The most surprising part of uv's success to me isn't Rust at all, it's how much speed we "unlocked" just by finally treating Python packaging as a well-specified systems problem instead of a pile of historical accidents. If uv had been written in Go or even highly optimized CPython, but with the same design decisions (PEP 517/518/621/658 focus, HTTP range tricks, aggressive wheel-first strategy, ignoring obviously defensive upper bounds, etc.), I strongly suspect we'd be debating a 1.3× vs 1.5× speedup instead of a 10× headline — but the conversation here keeps collapsing back to "Rust rewrite good/bad." That feels like cargo-culting the toolchain instead of asking the uncomfortable question: why did it take a greenfield project to give Python the package manager behavior people clearly wanted for the last decade?

Nextgrid 3 hours ago | parent | next [-]

It's not just greenfield-ness but the fact it's a commercial endeavor (even if the code is open-source).

Building a commercial product means you pay money (or something they equally value) to people to do your bidding. You don't have to worry about politics, licensing, and all the usual FOSS-related drama.
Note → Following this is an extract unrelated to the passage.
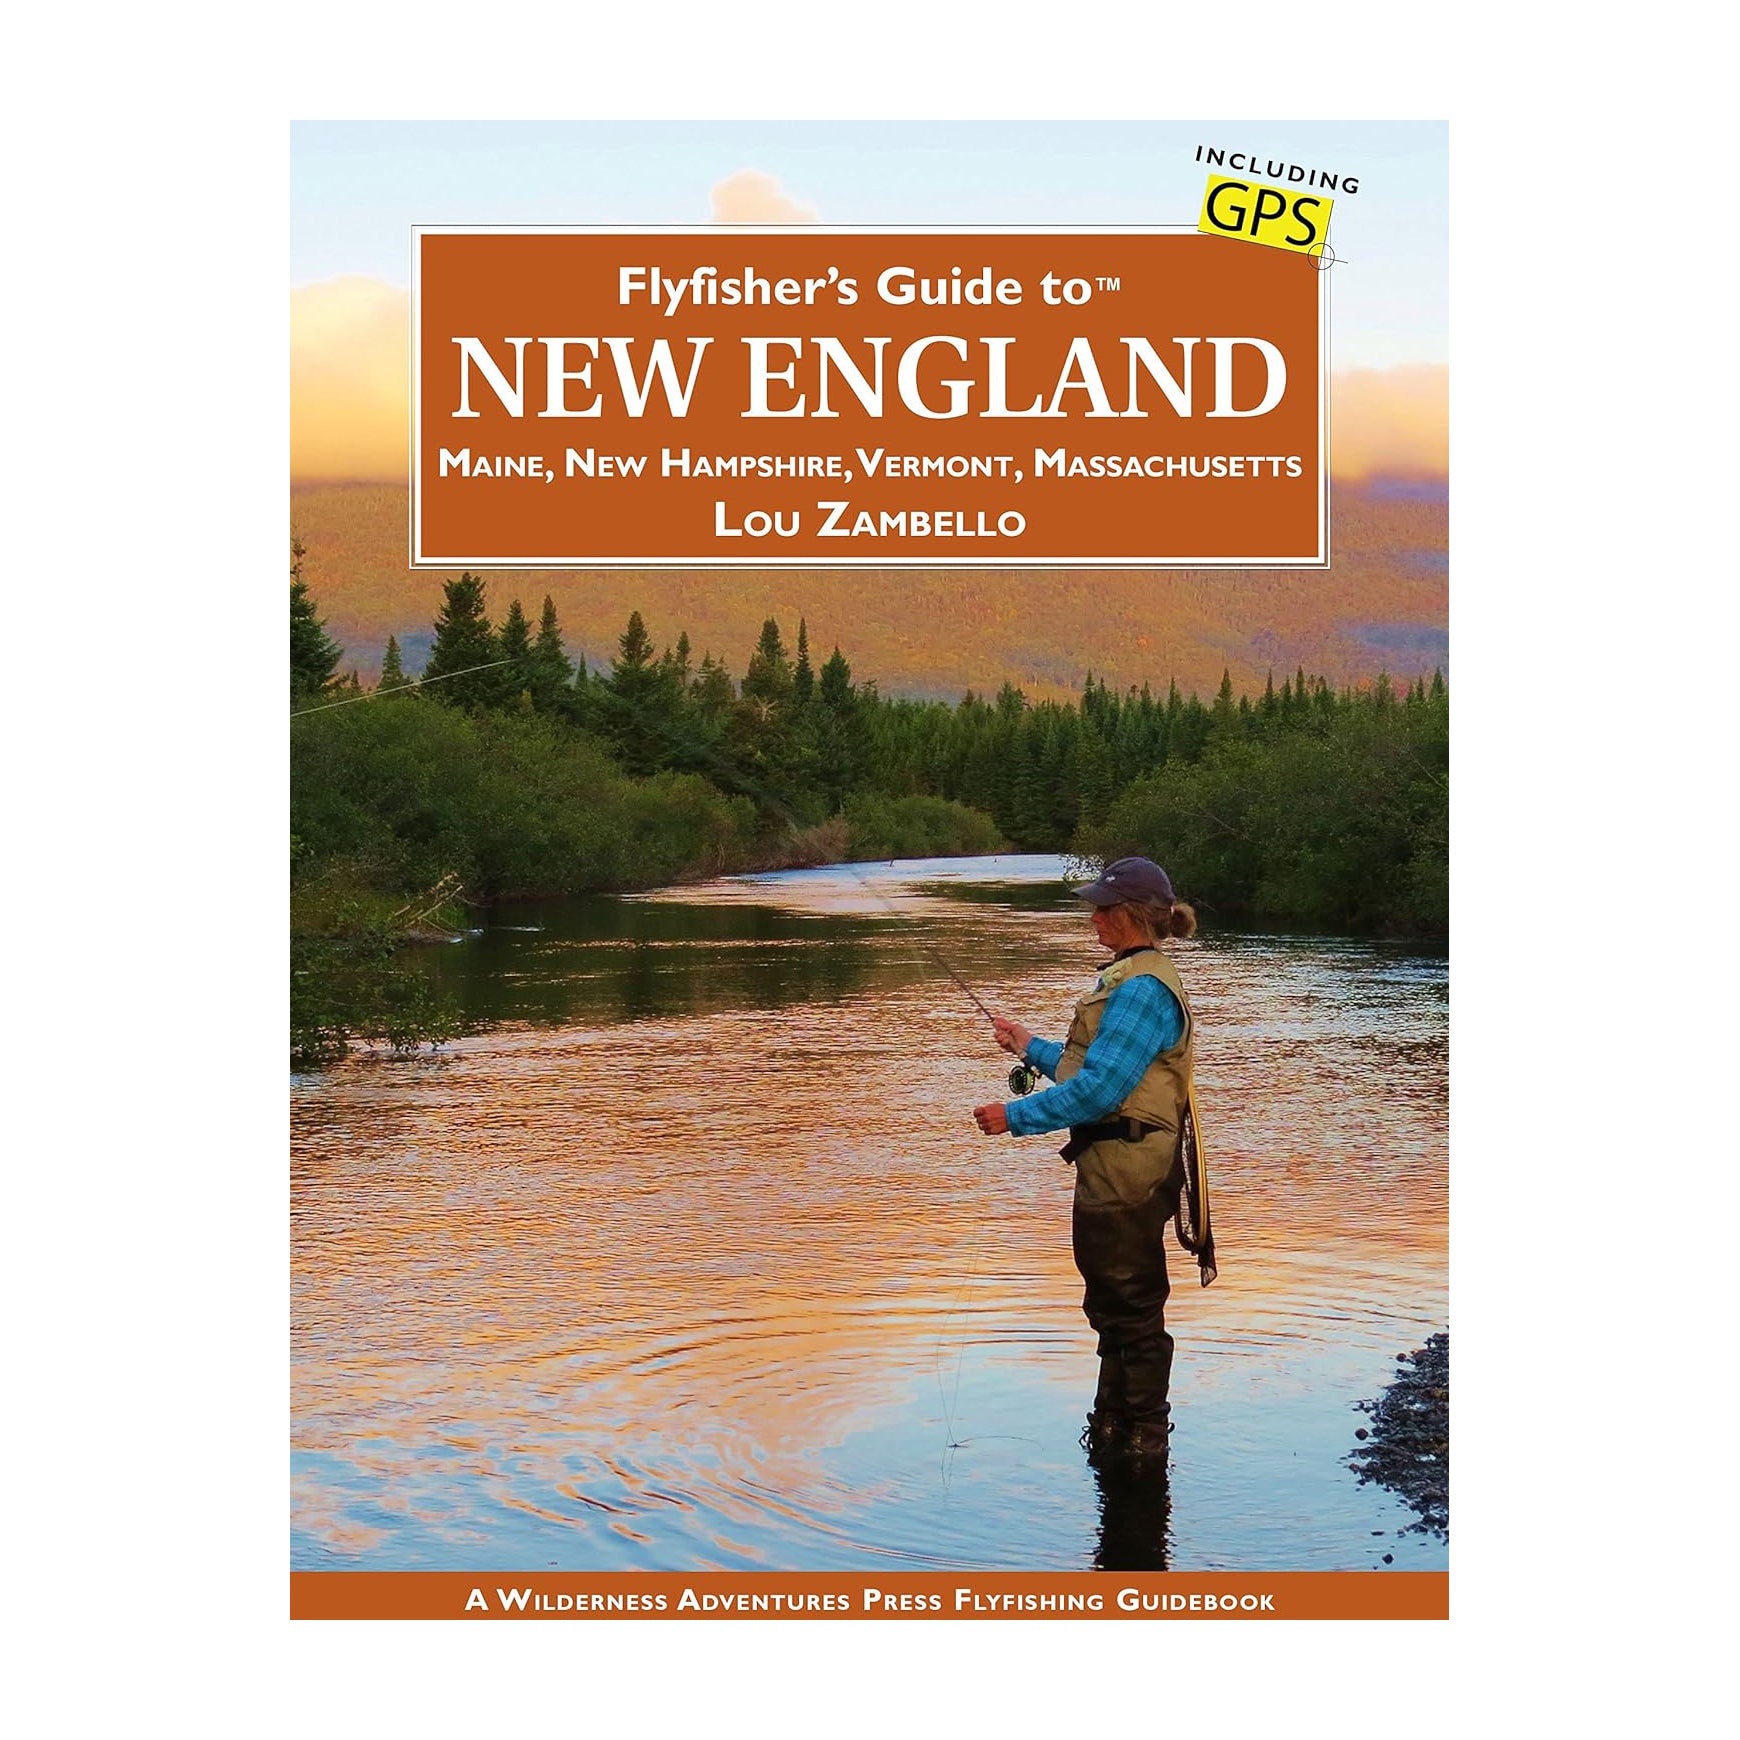 Flyfisher's Guide to New England

You pay them to set their opinions aside and build what you want, not what they want (and if that doesn't work, it just means you need to offer more money).

In this case it's a company that believes they can make a "good" package manager they can sell/monetize somehow and so built that "good" package manager. Turns out it's at least good enough that other people now like it too.

This would never work in a FOSS world because the project will be stuck in endless planning as everyone will have an opinion on how it should be done and nothing will actually get done.

Similar story with systemd - all the bitching you hear about it (to this day!) is the stuff that would've happened during its development phase had it been developed as a typical FOSS project and ultimately made it go nowhere - but instead it's one guy that just did what he wanted and shared it with the world, and enough other people liked it and started building upon it.

eru 3 hours ago | parent | next [-]

> You don't have to worry about politics, licensing, and all the usual FOSS-related drama. You pay them to set their opinions aside and build what you want, not what they want (and if that doesn't work, it just means you need to offer more money).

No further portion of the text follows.